Bioinformatics Analysis for DNA

In addition to the standard Illumina/Nanopore Bioinformatics QC DNA based analysis we can offer trimming of Illumina based data remove adapters, low quality reads and very short reads. Specific parameters all outlined on the project_options.sh file. Trimming can be omitted upon request.

At extra cost we can offer trimming for long-read data. At extra cost we can perform reference based and nonreference based assemblies. We can use both long-read,short read or just one type of reads to generate the assembly. With nanopore based assembly we can offer various round of polishing and if there are both long read and short read available, we can polish with both types of data to improve on the accuracy of the genome. At the end we will deliver fasta based files with an unannotated assembly. At additional cost we can offer annotation of the assembly within silico predictions of genes in a csv files format, of a gff file format.

Upon request we can assist with uploading data to the NCBI archive or other preferred databases.

At an additional cost we can SNP/variant call your data based on the quality reference you would like us to use with the gatk pipeline. Upon further agreement a different pipeline can be used but it might require additional pipeline optimisation costs if specific pipelines are requested. Alignment bam files would be delivered in the similar manner that trimmed and raw reads are delivered and a txt file with variant sites and SNPs would be sent alongside a brief explanation.

Different more advance analysis can be performed upon request and discussion.

Bioinformatics Analysis for Amplicons

In addition to the standard Illumina/Nanopore Bioinformatics QC for Amplicon projects run on Illumina we can offer primer trimming with inhouse script based on primer sequence used if requested during quotation.

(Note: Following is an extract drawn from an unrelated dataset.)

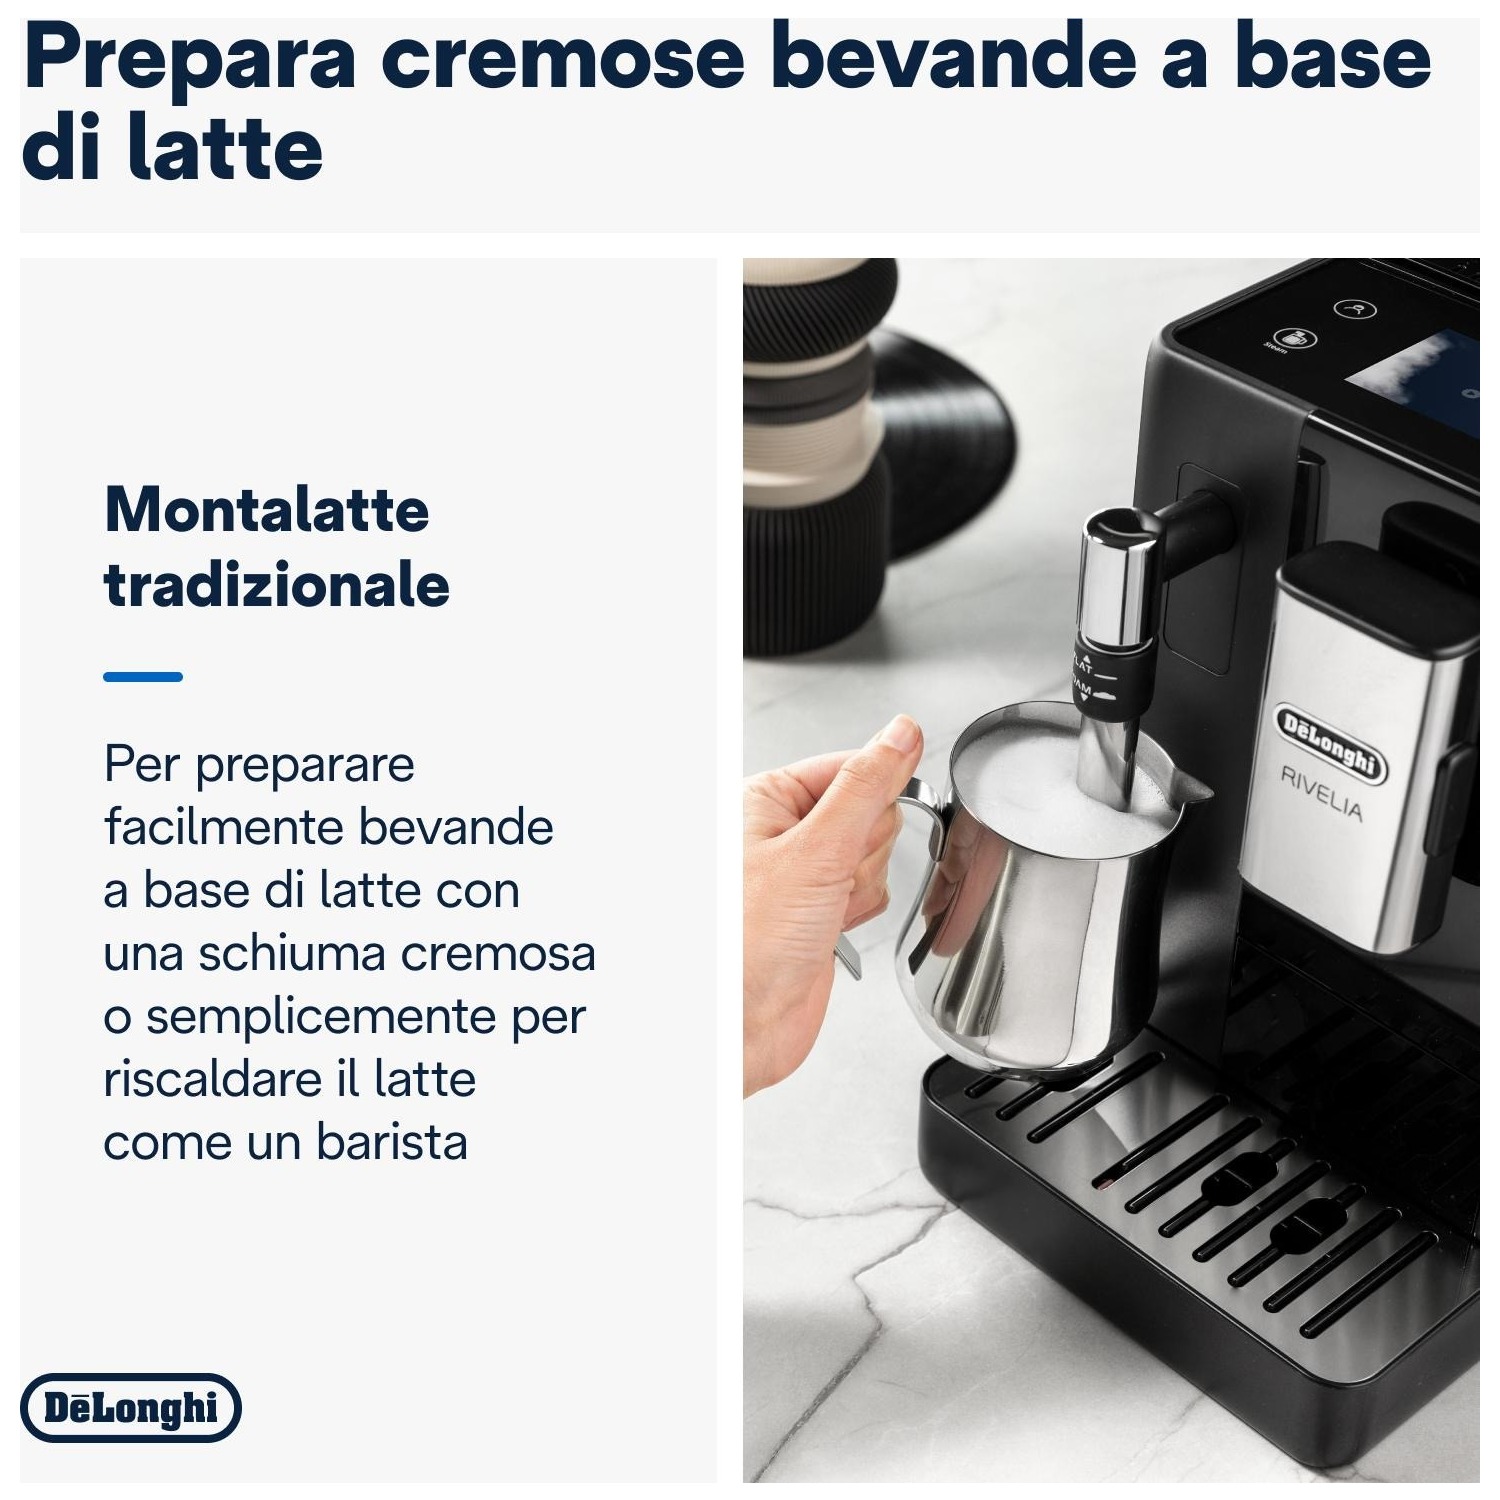 Macchina caffe' automatica De'Longhi Rivelia EXAM440.35.B black nero -  DIMOStore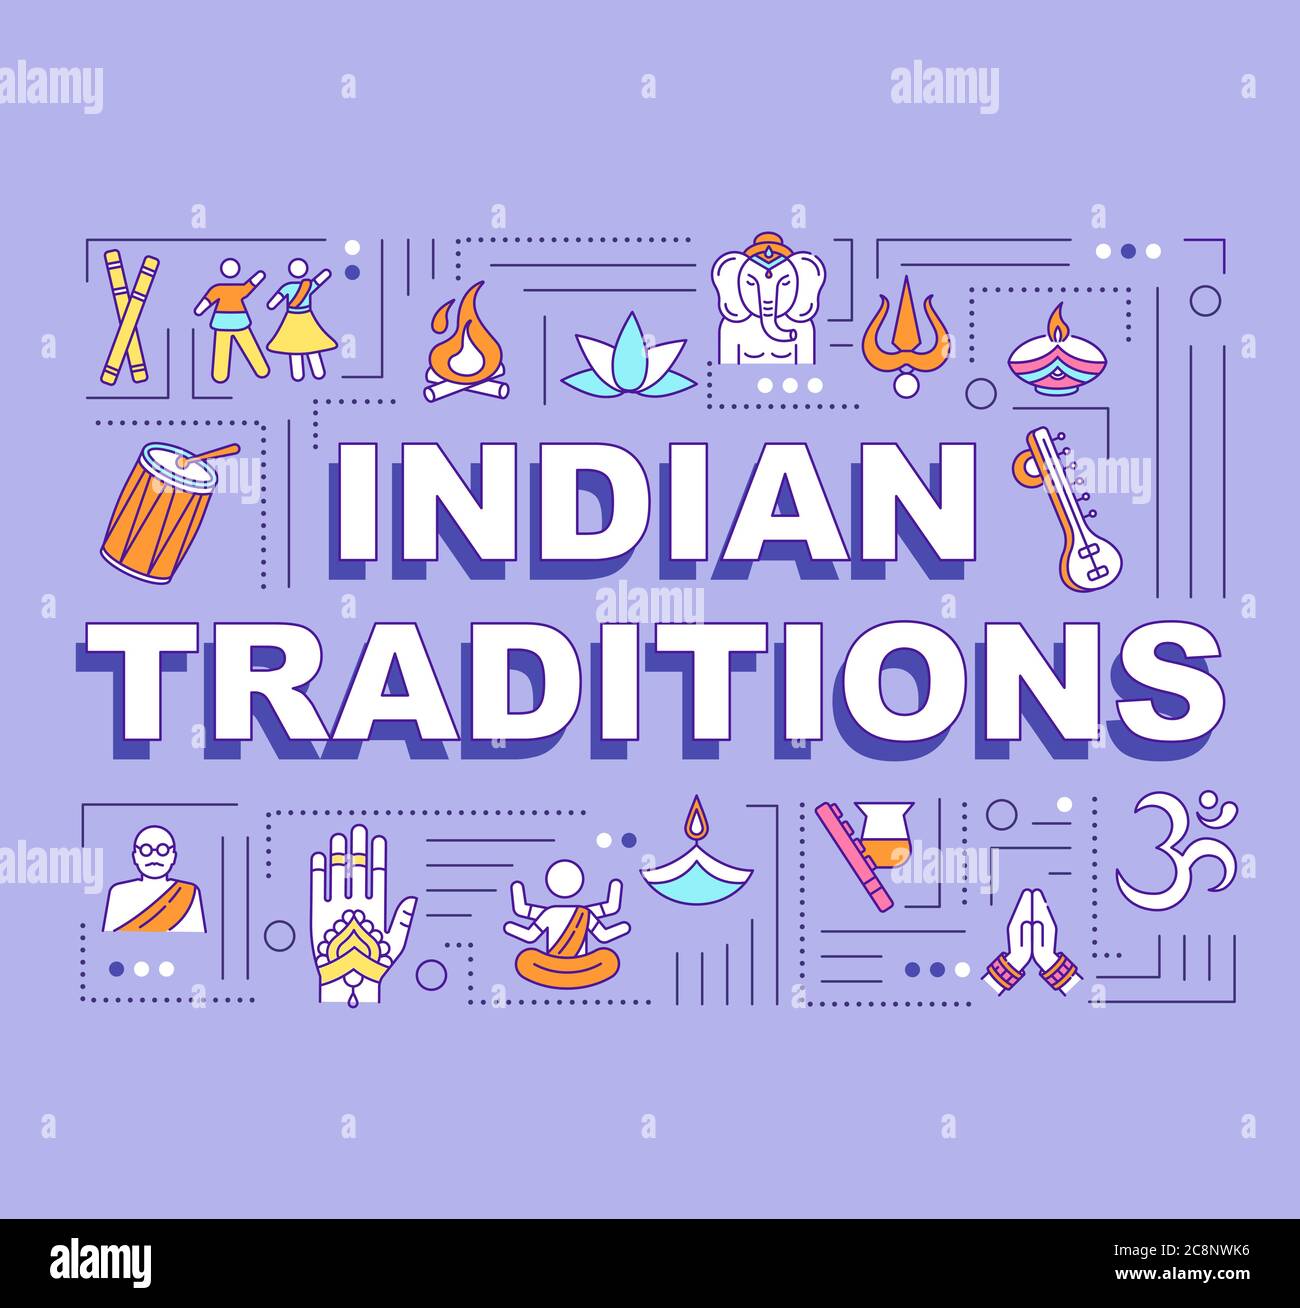 Indische Traditionen Wort Konzepte Banner. Ntional Feiertage und kulturelle Festivals von Indien Infografiken mit linearen Icons auf lila Hintergrund. Isoliert Stock Vektor

In addition, 16S/ITS/18S analysis can be performed at extra cost. Cost depended on the complexity of the project and would need a meeting to specify with the bioinformatician of the team to specify details. Pipeline used can vary based on the demands of the projects but we have experience with tools such as Qiime2, qiime,deseq2,dada2 etc ect. Specific packages and pipelines can be used upon request.

Different more advance analysis can be performed upon request and discussion.

Bioinformatics Analysis for Epigenomics

At additional cost epigenomic analysis can be performed with Illumina based reads. As currently we are still working and improving on establishing a pipeline we would be happy to analyse your data and establish a suitable pipeline specific for your dataset at no extra optimisation costs.

At additional cost trimming can be performed with nanopore based data. Epigenomic analysis will be performed on nanopore data with algorithms based within the guppy basecaller. Phasing shall be performed, and aggregation will be run with all intermediary and final outputs delivered to recipient, identifying methylated regions. As currently we are still working and improving on establishing a pipeline we would be happy to analyse your data and establish a suitable pipeline specific for your dataset at no extra optimisation costs.

Different more advance analysis can be performed upon request and discussion.

Bioinformatics Analysis for Metagenomics

For Illumina based data cost is depended on the complexity of the project and would need a meeting to specify with the bioinformatician of the team to specify details. Pipeline used can vary based on the demands of the projects, but we have experience with tools such as Kraken, phyloseq, metaSPAdes etc etc. We are happy to use other pipelines and tools upon request and discussion.